Kevin Thelwell must hope he hasn’t peaked too early as his first signing as Everton director of football is still arguably his best.

Although James Tarkowski’s transfer from Burnley wasn’t officially confirmed until after his contract at Turf Moor had expired – understood to be due to the delicate situation between the two clubs at the time – it had been an open secret for several weeks in the summer of 2022 that the centre-back was heading to Goodison Park. The Blues were in need of both a leader and a durable figure in defence at the time – while Yerry Mina provided the former when available, the Colombian would depart 12 months later after just seven Premier League appearances that season (and 86 out of 190 in total over five years) – and Tarkowski has excelled in each respect.

The 31-year-old has now been an ever-present for Everton across back-to-back seasons and was part of a defence that kept 13 clean sheets in the Premier League last term, a figure that only runners-up Arsenal could top. Also, we should not play down the role that Tarkowski has played in the development of his centre-back partner Jarrad Branthwaite who in recent months has emerged as a generational talent.

On the flip side of things, Neal Maupay has to go down as Thelwell’s worst signing so far. The Frenchman netted goal returns of 10, eight and eight in three Premier League seasons at Brighton & Hove Albion but has bagged just once in 32 outings for Everton.

That’s a truly dire statistic. The diminutive 5ft 8in frontman was anything but a like-for-like alternative to Dominic Calvert-Lewin so the Blues were unable to rely on him as an understudy for their number nine and neither the team nor the player himself benefitted tactically from the changes when he did come into the side.

At the moment, Maupay’s acquisition looks very much like £15million down the drain given that Brentford did not take up their initial option to turn his loan return to west London into a permanent move and he seems surplus to requirements at Goodison Park. Even if his goal return hadn’t been so poor, he seemed to burn his bridges with some unsupportive comments about the club’s loyal fanbase.

Joe Thomas - I remember the relief in Dwight McNeil's voice

This summer has started well for Everton. I think the business to date has been savvy and the early work to consolidate last season's squad and then take steps to improve it have been positive. The arrival of Iliman Ndiaye, on the cusp of being confirmed as the Blues' third summer signing, is an astute one and I think he could help bolster Everton's attacking threat next season while freeing up Abdoulaye Doucoure to provide another option in the deeper midfield positions.

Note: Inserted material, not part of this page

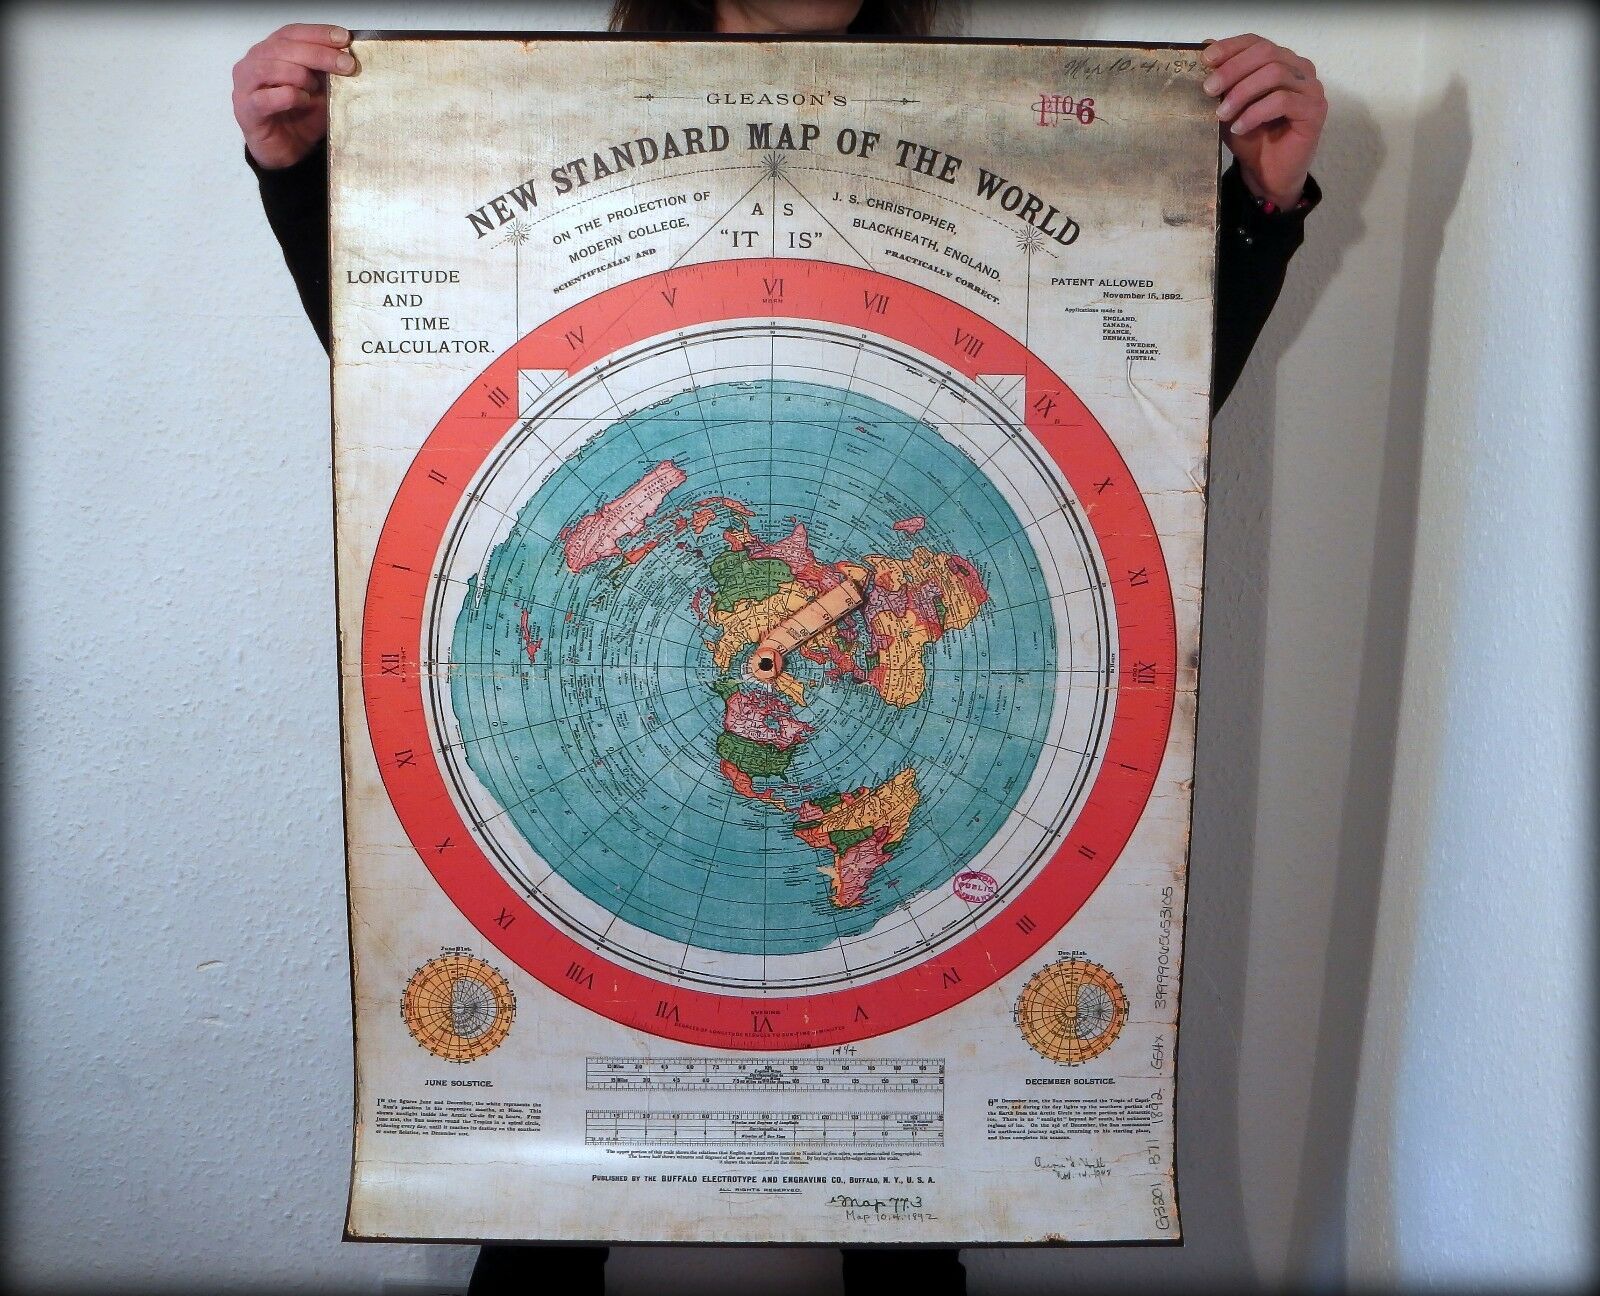 Gleason's New Standard Map Of The World 1892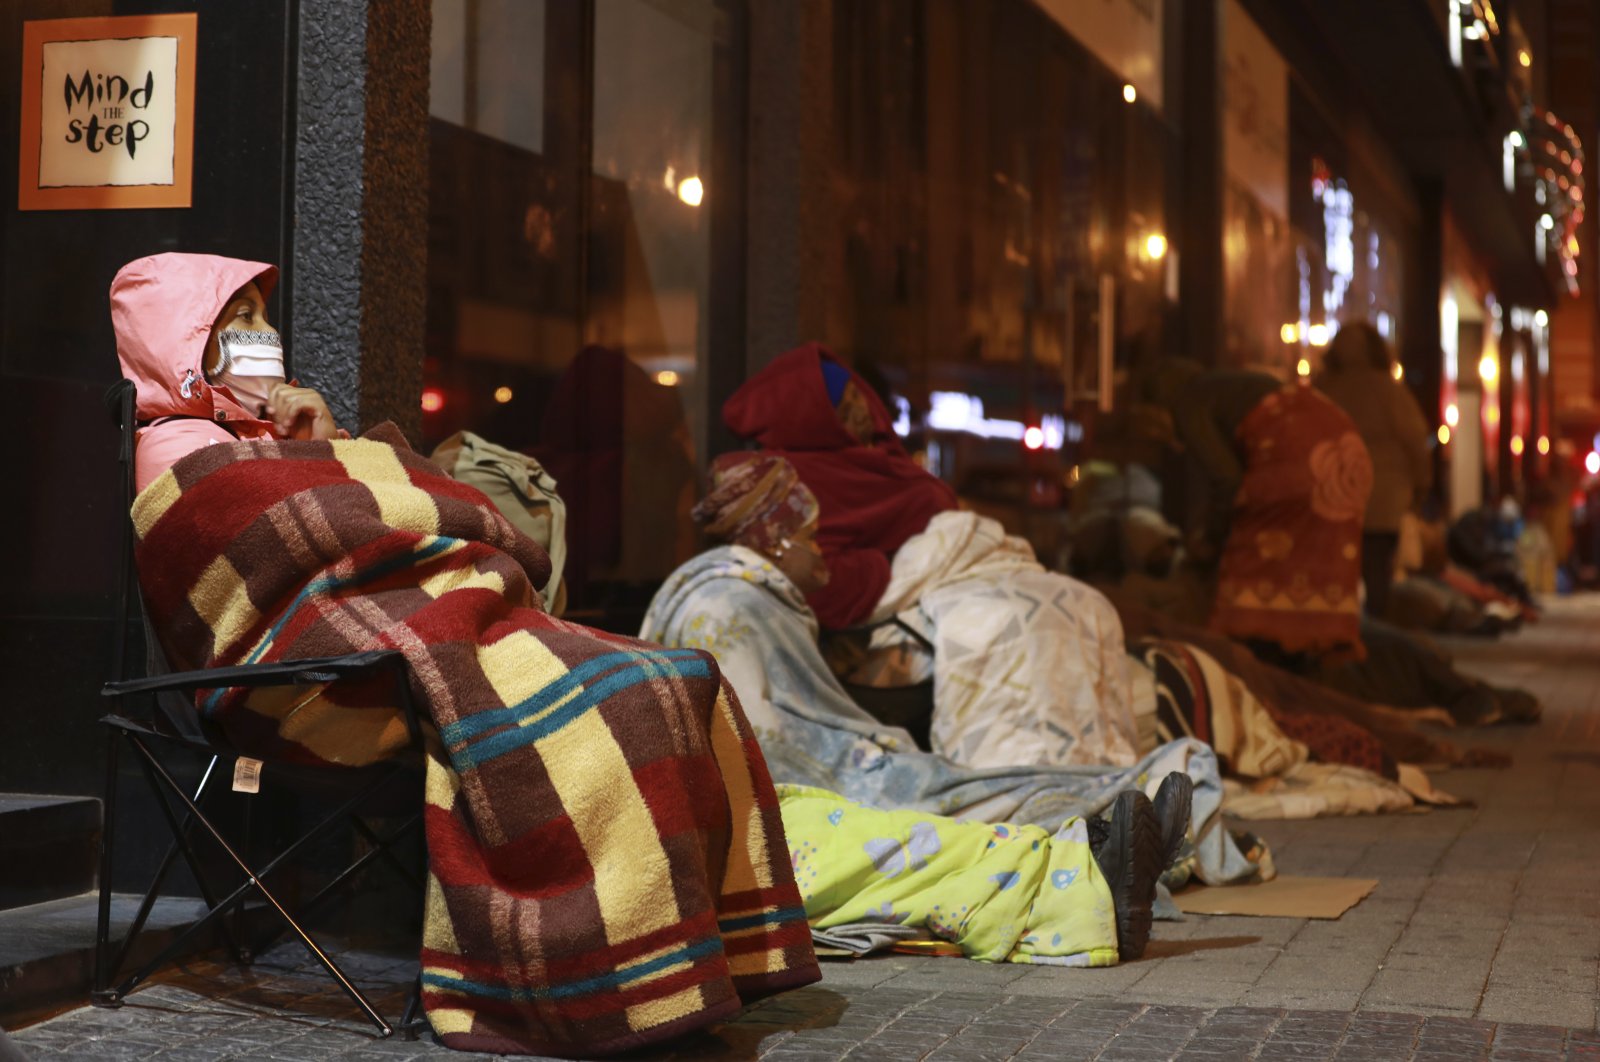 Women who had queued overnight to apply for government grants wait for the offices to open Thursday morning, Cape Town, South Africa, May 28, 2020. (AP Photo)

When assessing the business of Thelwell's previous summers it is hard to disagree with Chris' suggestions. One of my concerns is how Maupay and then, last season, Arnaut Danjuma were brought in but seemingly did not fit into the wider plans for the squad. I think both players could have improved the squad in the right conditions but both appeared out of place quite quickly. On the other hand, Tarkowski has been excellent and a few others have been impressive. For me, I am going to say the best deal overseen by Thelwell has been Dwight McNeil. He had a tough start to his Blues career - I remember the relief in his voice when I spoke to him after his goal in the win at Southampton under Frank Lampard, it was clearly a cathartic moment after a tough introduction to life on Merseyside.

He burst into life under Dyche, perhaps unsurprisingly, and he was pivotal to the effort to stay up that year. That hat-trick at Brighton and Hove Albion capped off one of the best individual performances in Royal Blue in recent years. Last season he was a dependable, trustworthy option in a threadbare squad and his defensive work was topped off with important contributions - including his crucial goals home and away against Nottingham Forest and that thumping opener in the win over Newcastle United.

On the other hand, I think Thelwell's most difficult signing has been Ruben Vinagre. He appeared to offer a valuable option at full back when he arrived on loan from Sporting but even when Everton could have done with expertise in that position due to injuries, managers appeared reluctant to give him a go.